Similar to most qualitative studies, the results of this study are not quantitatively generalizable in the sense of predicting how many people within a population have certain information needs. However, the rich description of patients’ information needs and their IQ and information delivery preferences outlined in this study will help other researchers determine whether the findings are transferable or can be extrapolated to populations with proximal similarities [
]. Toward these ends, the results should be interpreted with the characteristics of the study sample in mind.

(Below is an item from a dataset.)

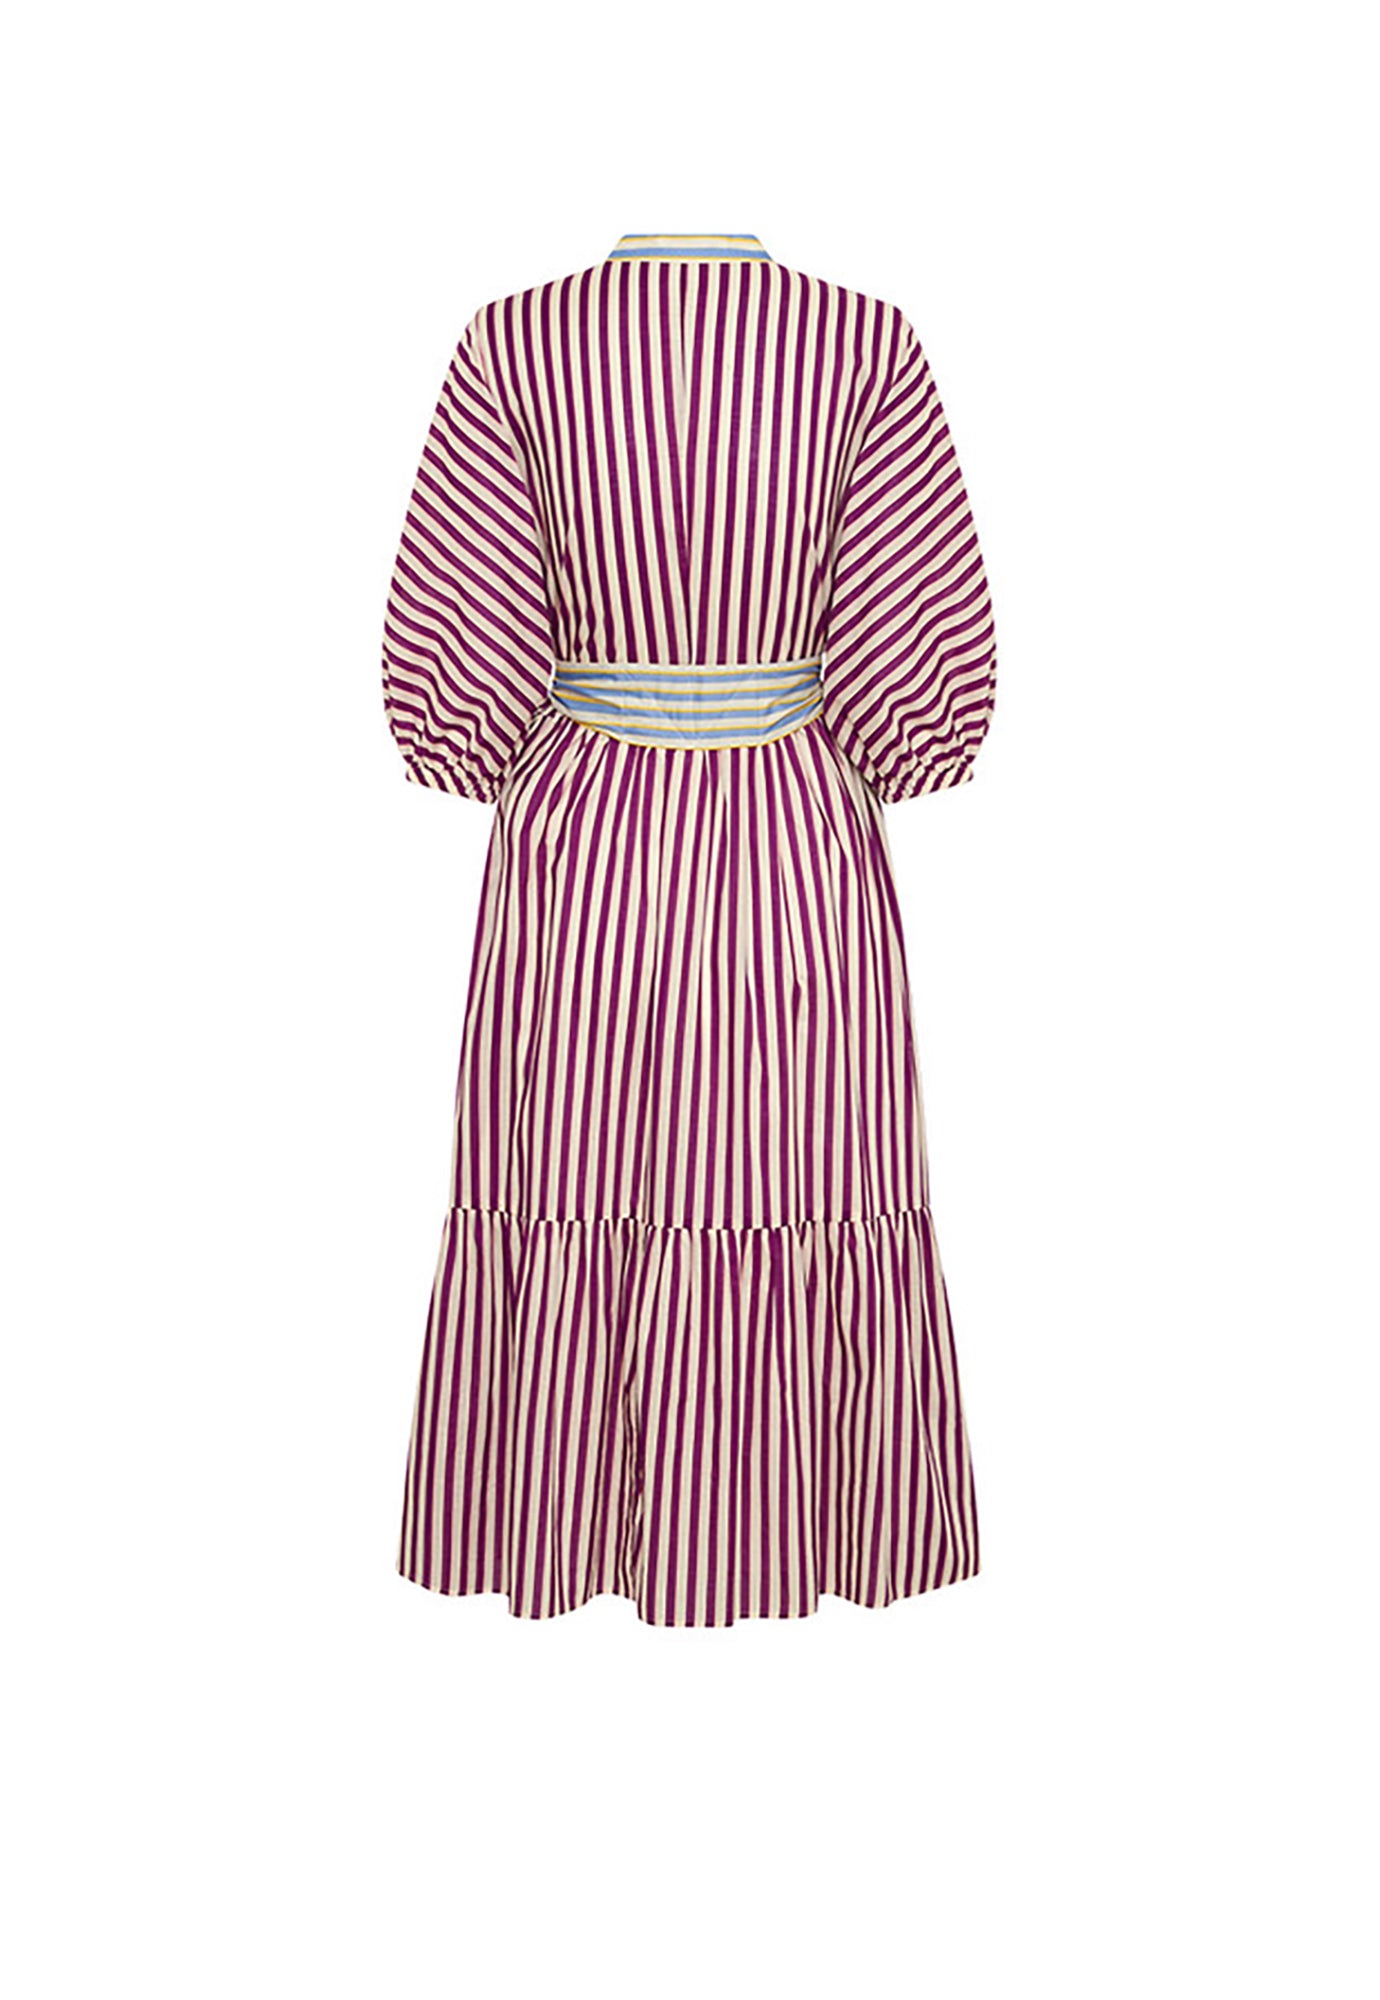 bohemian traders - dolman shirt dress - grape stripe
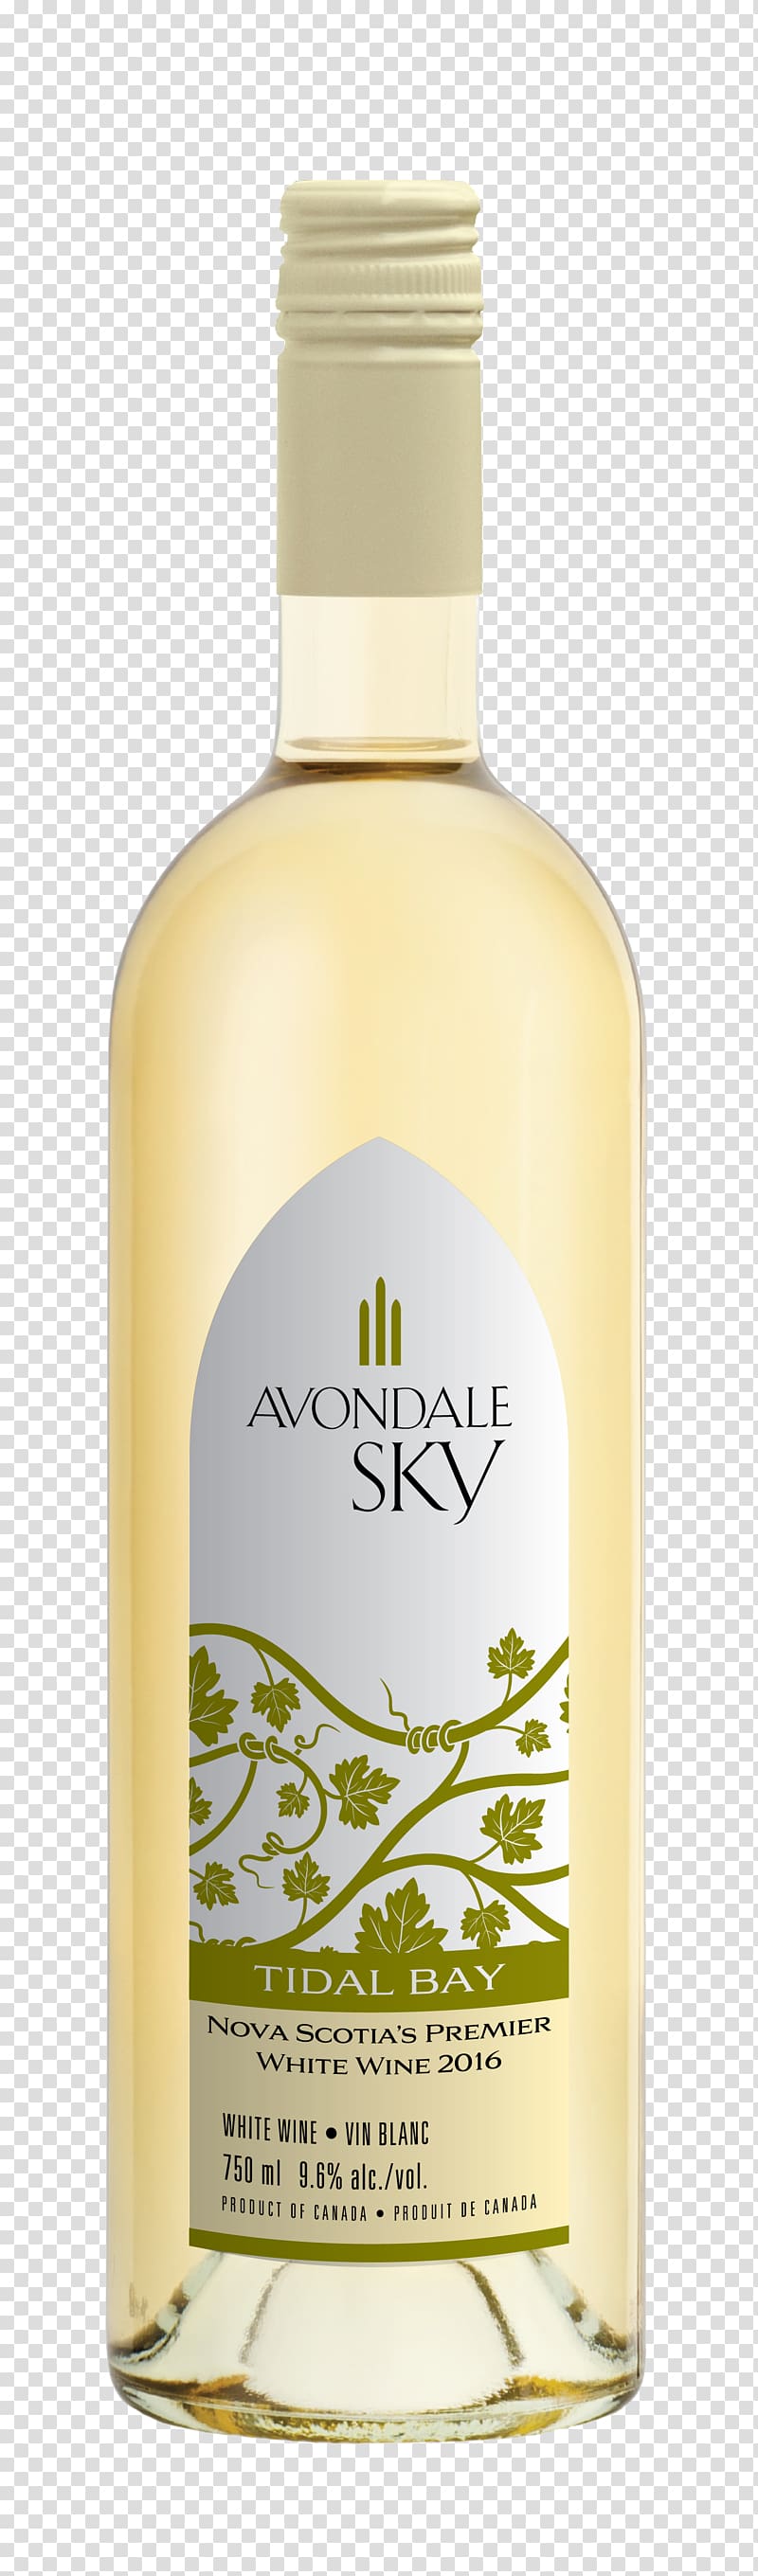 Avondale Sky Winery Liqueur Vidal blanc Viognier, wine transparent background PNG clipart

First, the sample consisted only of women who had undergone genetic testing. The perspectives of women who have not taken genetic tests may provide insights into information gaps experienced by a broader range of patients with OC and shed light on the reasons why genetic testing was not undergone. Second, most of the participants were White and well-educated. Future studies should attempt to include more minority and underrepresented women. Furthermore, the sample did not involve family members, who often serve as delegates to seek information in cancer care [ ]. For genetic testing in particular, many patients avail of testing for the sake of their family members [ ]. Therefore, understanding family members’ information needs may be valuable for intervention design.Conclusions
Patients with OC have a need for information on various genetic testing–related topics. Genetic counseling alone does not address all of these needs. Interventions that supplement existing genetic counseling are needed. Successful interventions should offer relevant, concise, easy-to-understand, and well-organized (eg, tables and bullet points) information and be available at times and locations needed. Moreover, the information should be appropriate and sympathetic to the cognitive and emotional states of patients with cancer. The patients’ preferences for channels or platforms to receive information differed. A hybrid multichannel information delivery model that combines both health care provider–led and peer-to-peer patient education efforts may be most effective in delivering genetic testing–related information to patients with cancer. Future efforts are needed to explore the feasibility of the multichannel information delivery model and its effectiveness in promoting awareness and acceptance of genetic testing among patients and family members and in empowering them in cancer treatment and care.
Acknowledgments
The authors would like to acknowledge the contributions of the participants, who shared their stories with the intention of benefiting others. This work was supported by the Humanities Institute, the Center for Health Communication, and the Dell Medical School at the University of Texas at Austin, United States.
Conflicts of Interest
None declared.
Interview and co-design session guide.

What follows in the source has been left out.